HUD CoC grants serve more than one million people annually through emergency shelter, transitional and permanent housing programs. The federal department challenges state and local planning organizations known as “continuums of care” to support their highest performing, most effective programs.

For the past decade, All Chicago Making Homelessness History has been the Chicago CoC’s collaborative applicant for the federal grants. This year’s recipients include Breakthrough, Catholic Charities, Featherfist, Heartland Health Outreach, HOW Inc., Interfaith Housing, Low Income Housing Trust Fund, Mercy Housing, Sarah’s Circle, Thresholds, Trilogy and more.

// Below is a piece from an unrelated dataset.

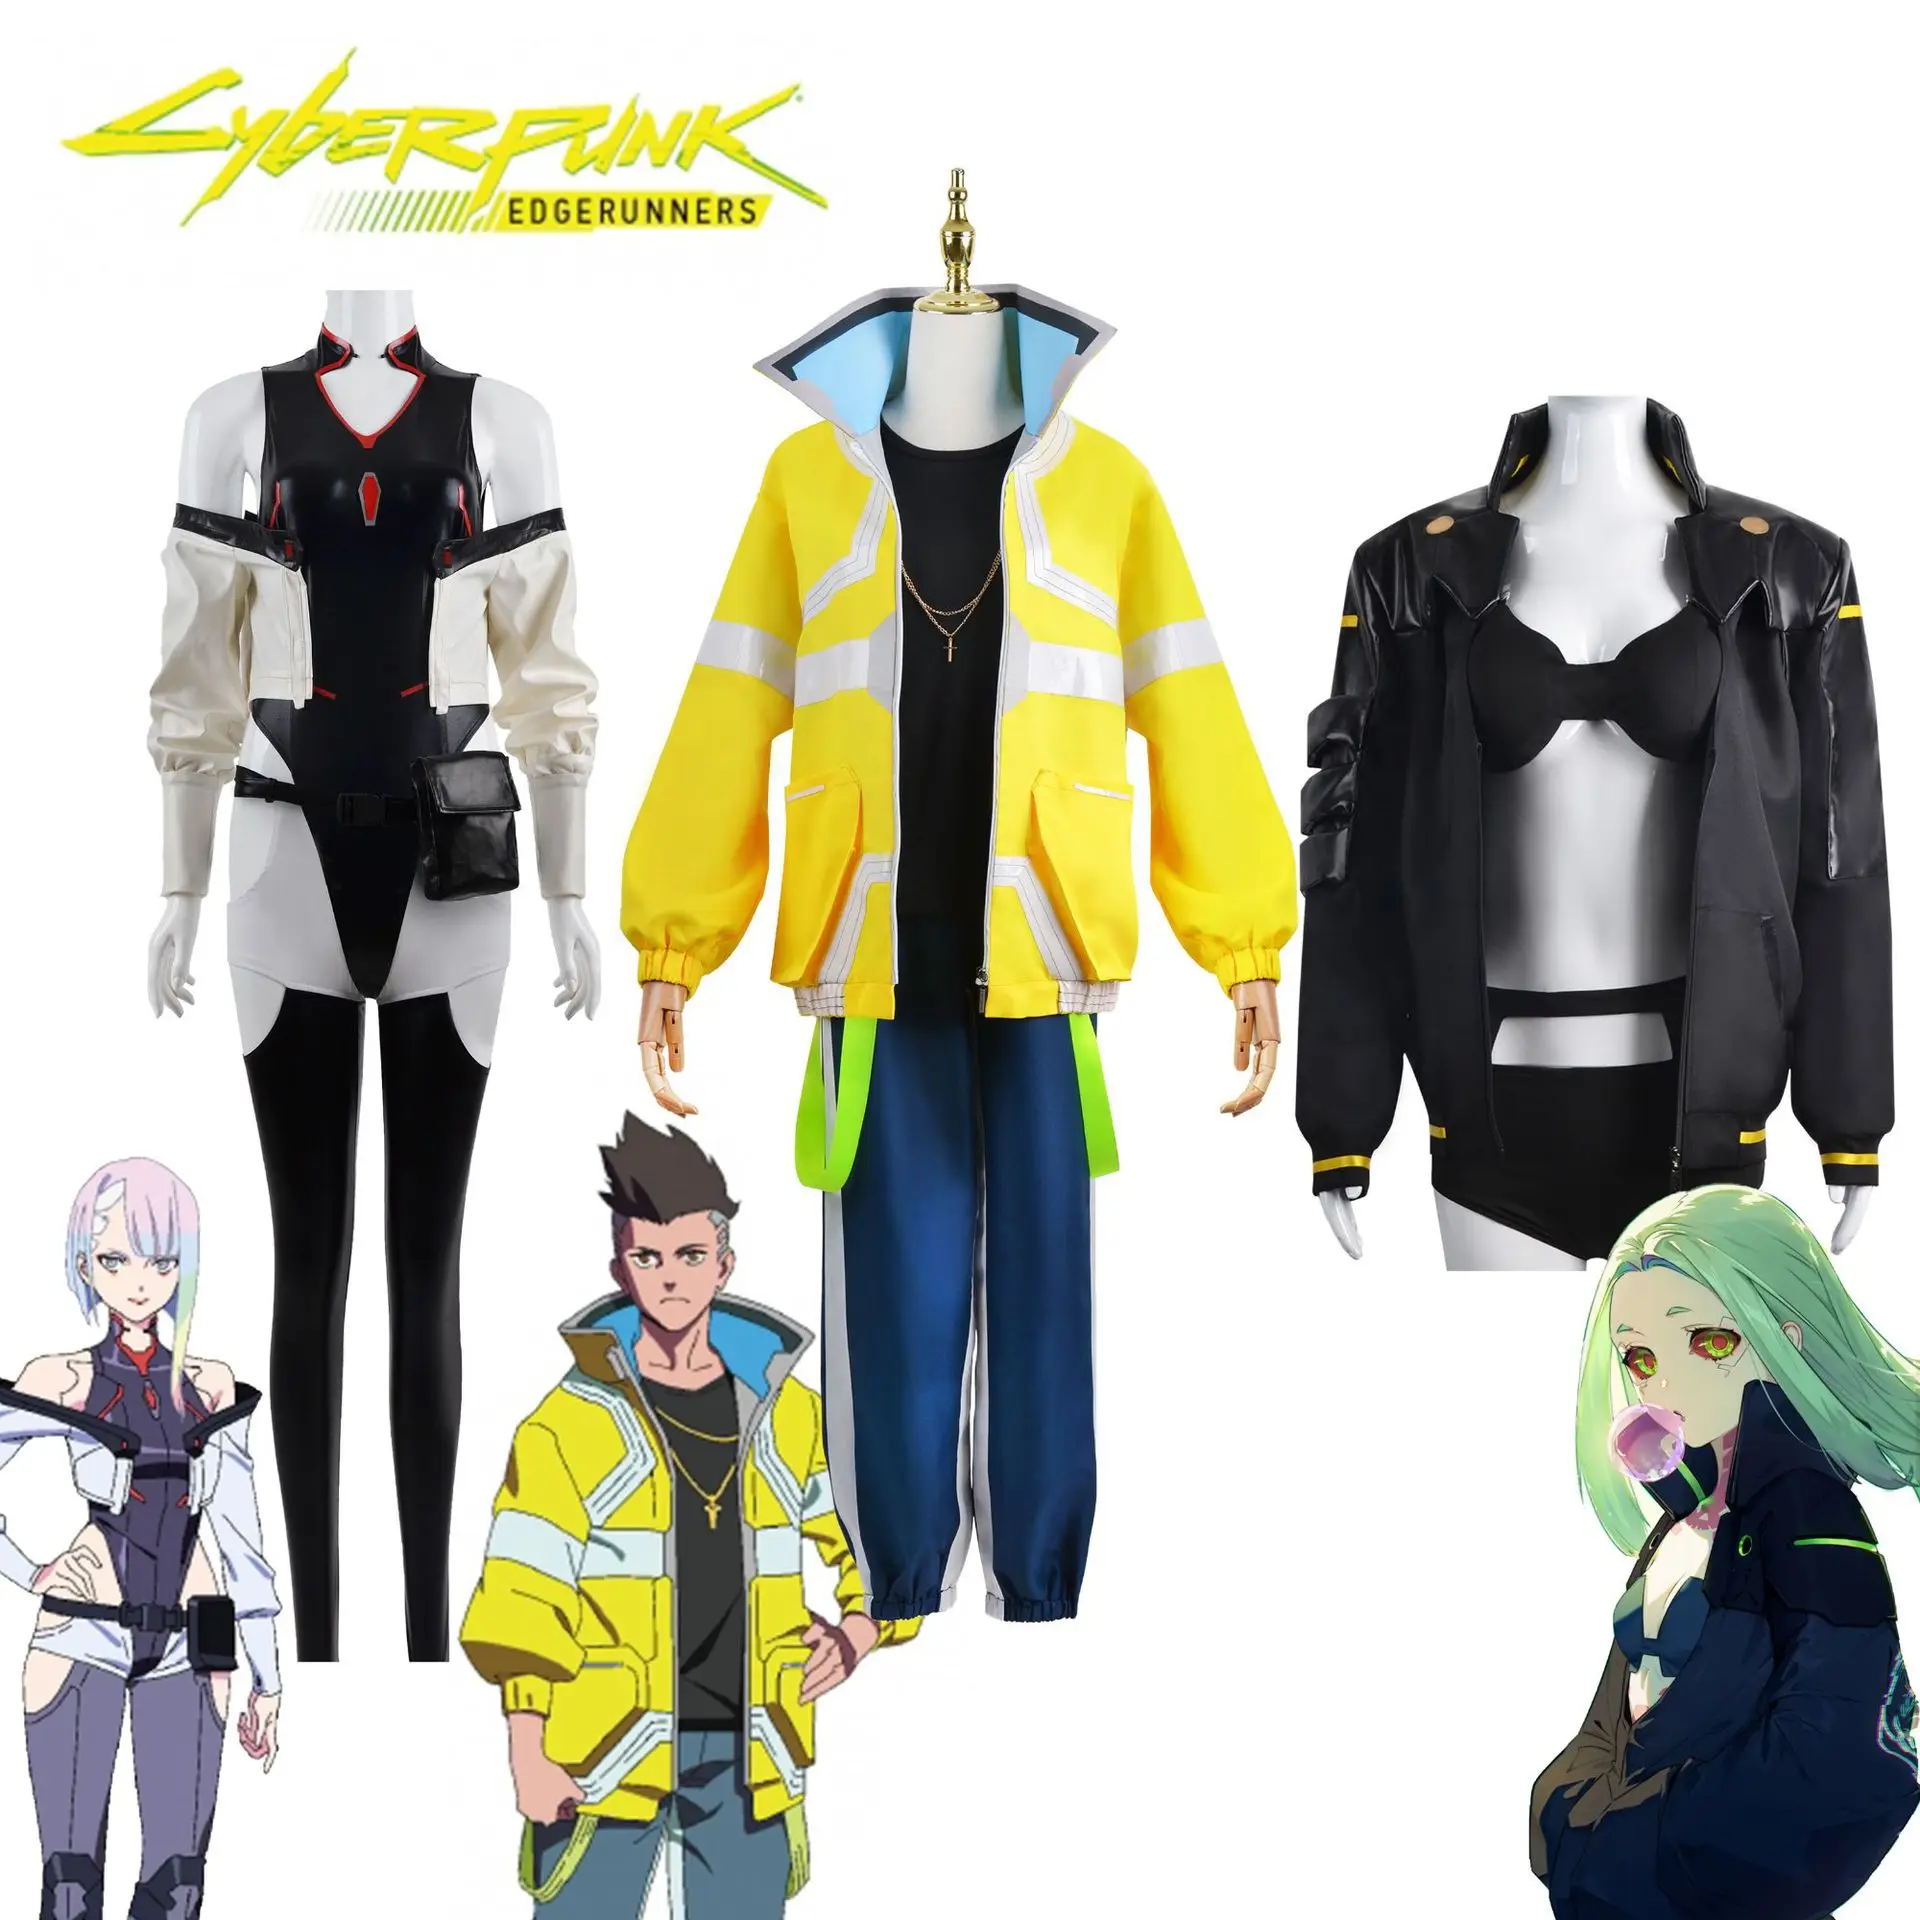 

Anime Rebecca Cyberpunk Edgerunners Cosplay Costumes Jacket Clothes Suit Halloween Carnival Costume for Girl Women

The All Chicago website listed 16,437 beds in 291 homeless projects at 77 agencies. This information from the Housing Inventory Count and the Point-in-Time (PIT) count of people on the streets Jan. 24, 2019, was submitted to HUD.

Two out of 3 beds (66 percent) among the 291 homeless projects were in permanent supportive housing, with the remainder in emergency shelters (19 percent) and transitional housing (15 percent). Just over half (52 percent) of Chicago homeless beds were available to adults without children, 43 percent went to households with children and 5 percent to unaccompanied youth under age 24.

The upcoming HUD grants will fund roughly 6,593 local programs on the front lines of homelessness. Most of the United States experienced a decrease in homelessness last year, according to HUD officials, “but significant increases in unsheltered and chronic homelessness on the West Coast, particularly California and Oregon, offset those nationwide decreases, causing an overall increase in homelessness of 2.7 percent.”

HUD’s 2019 annual homelessness assessment to Congress showed that 567,715 persons were homeless across the nation, according to the Jan. 24, 2019 Housing Inventory and PIT counts. The number was up 2.7 percent from 2018 but down 11 percent since 2010.

HUD officials said also that the number of families with children experiencing homelessness declined 5 percent from 2018 and 32 percent since 2010. Veteran homelessness also decreased 2.1 percent since the previous year and 50 percent since 2010.